JAY21 Posted December 3, 2008 Posted December 3, 2008 I believe we have no Cash-Balance safe-harbor fixed interest rates to my knowledge. I know I can use the 3rd segment rate as a safe-harbor per proposed regs which under transitional rates (this plan went in for 2007 so eligible for transitional rates) the 3rd segment rate is 6.23%. We're thinking of amending the interest credit rate up; currently using a 10 year treasury bond rate of just above 4%. How aggressive do you think it is to go with a fixed rate of 6% for 2008 (via amendment) ? It's lower than 3rd segment rate, higher than various Treasury Bond index rates, but ultimately not a safe-harbor rate at this point. FWIW, there are only HCEs in this plan. Main goal is higher interest credit for accrued benefits and softer funding whipsaw impact on minimum required contribution.
AndyH Posted December 4, 2008 Posted December 4, 2008 I wish you got some answers to these questions; I'd like to know what to do as well. People are petrified of linking benefits to a variable bond rate with no cap, in this economy. Anything below the effective rate produces an underfunded plan (without the life raft, err cushion in the first year that is). The exotic 3 year cash balance "bailout" approaches suggested at conferences aren't for everybody.

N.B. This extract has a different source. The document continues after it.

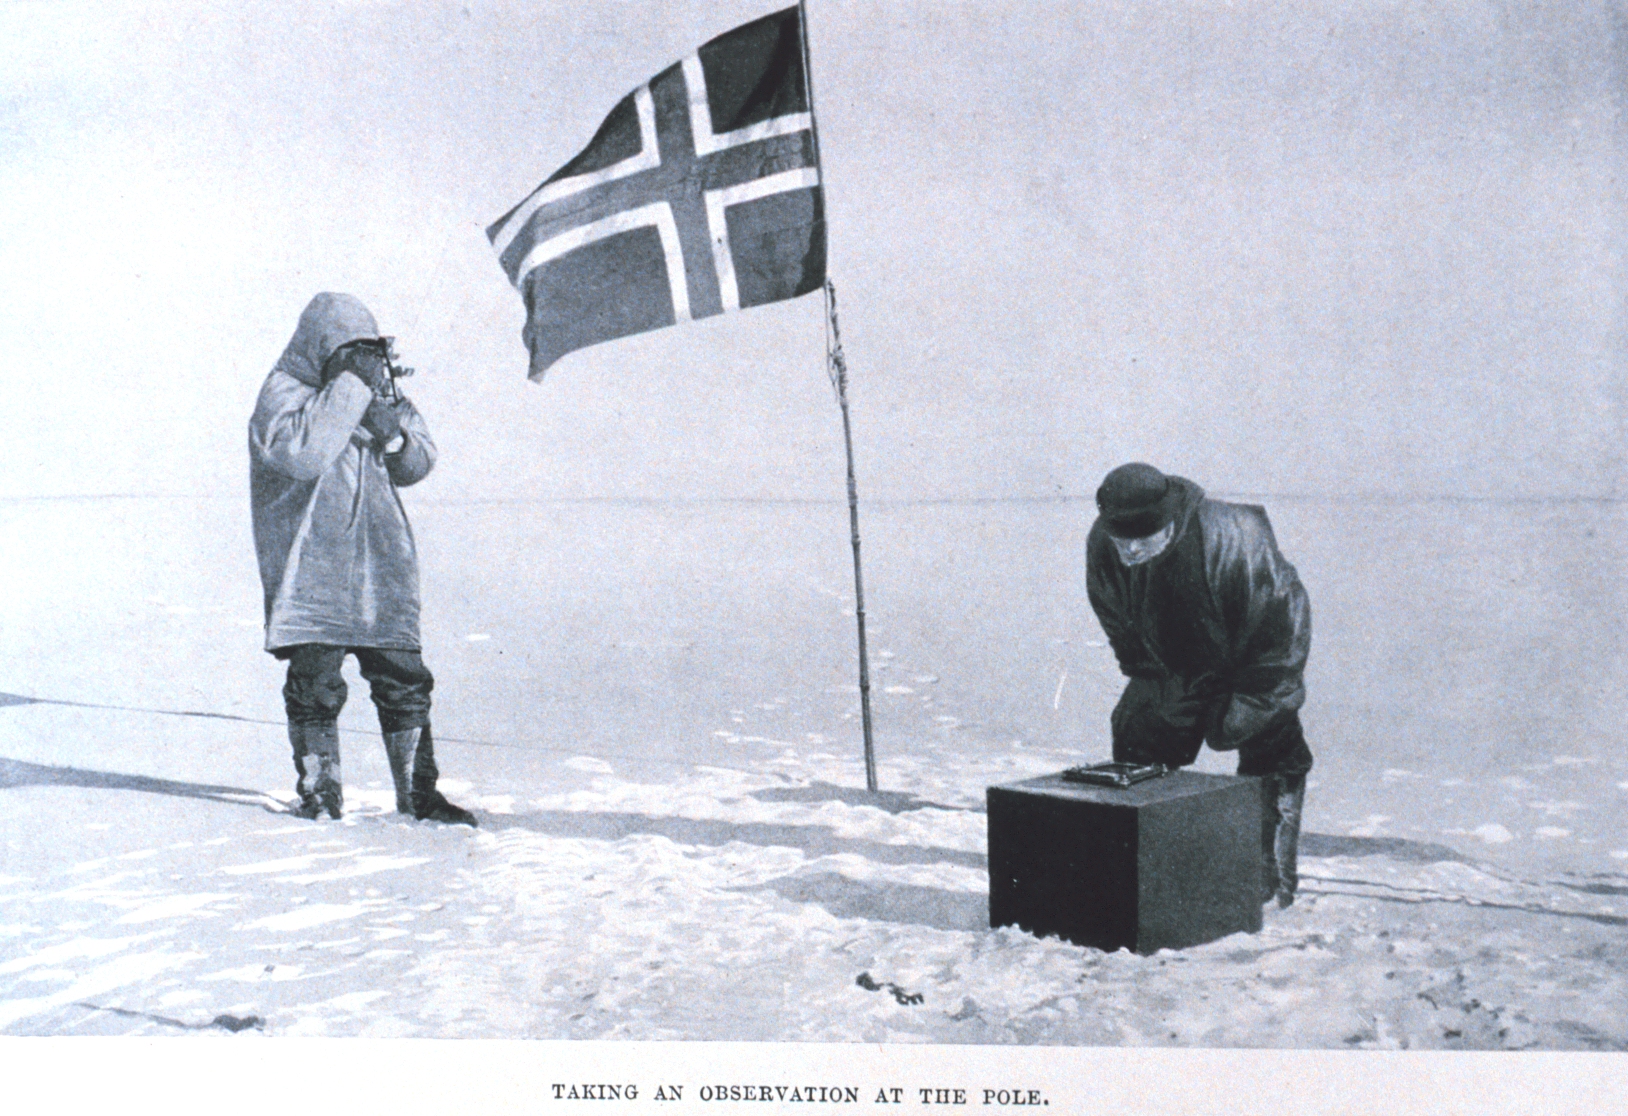 This photo, “Taking an observation at the pole,” shows the Norwegian team taking measurements at the South Pole. It appeared in Roald Amundsen’s book, “The South Pole.”   Credit: Roald Amundsen; public domain.

quinnfield Posted December 4, 2008 Posted December 4, 2008 in the interest of simplicity, I would stick with the old 96-8 safe harbor rates for 2009. This would result in an interest rate of 4.00% using 30-year TCM and a 2-month lookback. Notice 96-8 states: Under a frontloaded interest credit plan [e.g., a typical cash balance plan] that, for this purpose, specifies a variable index equal to the PBGC immediate rate or the sum of one of the standard indices and a margin not greater than the specified margin associated with that standard index, no impermissible forfeiture would result from projecting that the rate used to determine future interest credits for an employee is no greater than the applicable interest rate under section 417(e)(3), as amended by RPA '94. Thus, if such a plan has been amended to comply with the changes to section 417(e) made by RPA '94, the employee's entire accrued benefit could be distributed in the form of a single sum distribution equal to the employee's hypothetical account balance without violating section 411(a) or 417(e), provided that the plan provides the appropriate annuity conversion factors. Standard Index Associated Margin The discount rate on 3-month Treasury Bills 175 basis points The discount rate on 6-month Treasury Bills or 12- month Treasury Bills 150 basis points The yield on 1-year Treasury Constant Maturities 100 basis points The yield on 2-year Treasury Constant Maturities or 3-year Treasury Constant Maturities 50 basis points The yield on 5-year Treasury Constant Maturities or 7-year Treasury Constant Maturities 25 basis points The yield on 10-year Treasury Constant Maturities or any longer period Treasury Constant Maturities 0 basis points Annual rate of change of the Consumer Price Index 3 percentage points
JAY21 Posted December 4, 2008 Author Posted December 4, 2008 That may not be a bad way to go but since PPA 06 no longer requires 417(e) to be applied to cash-balance accounts (i.e,. can pay out on theoretical account balance) I'm not sure that cite is as relevant as it used to be though no doubt still safe.
Blinky the 3-eyed Fish Posted December 5, 2008 Posted December 5, 2008 Read the CB proposed regs. Using the safe harbor rates in 96-8 is an appropriate options, amongst others. Using a fixed 6% return would be very unadvisable at this stage. "What's in the big salad?" "Big lettuce, big carrots, tomatoes like volleyballs."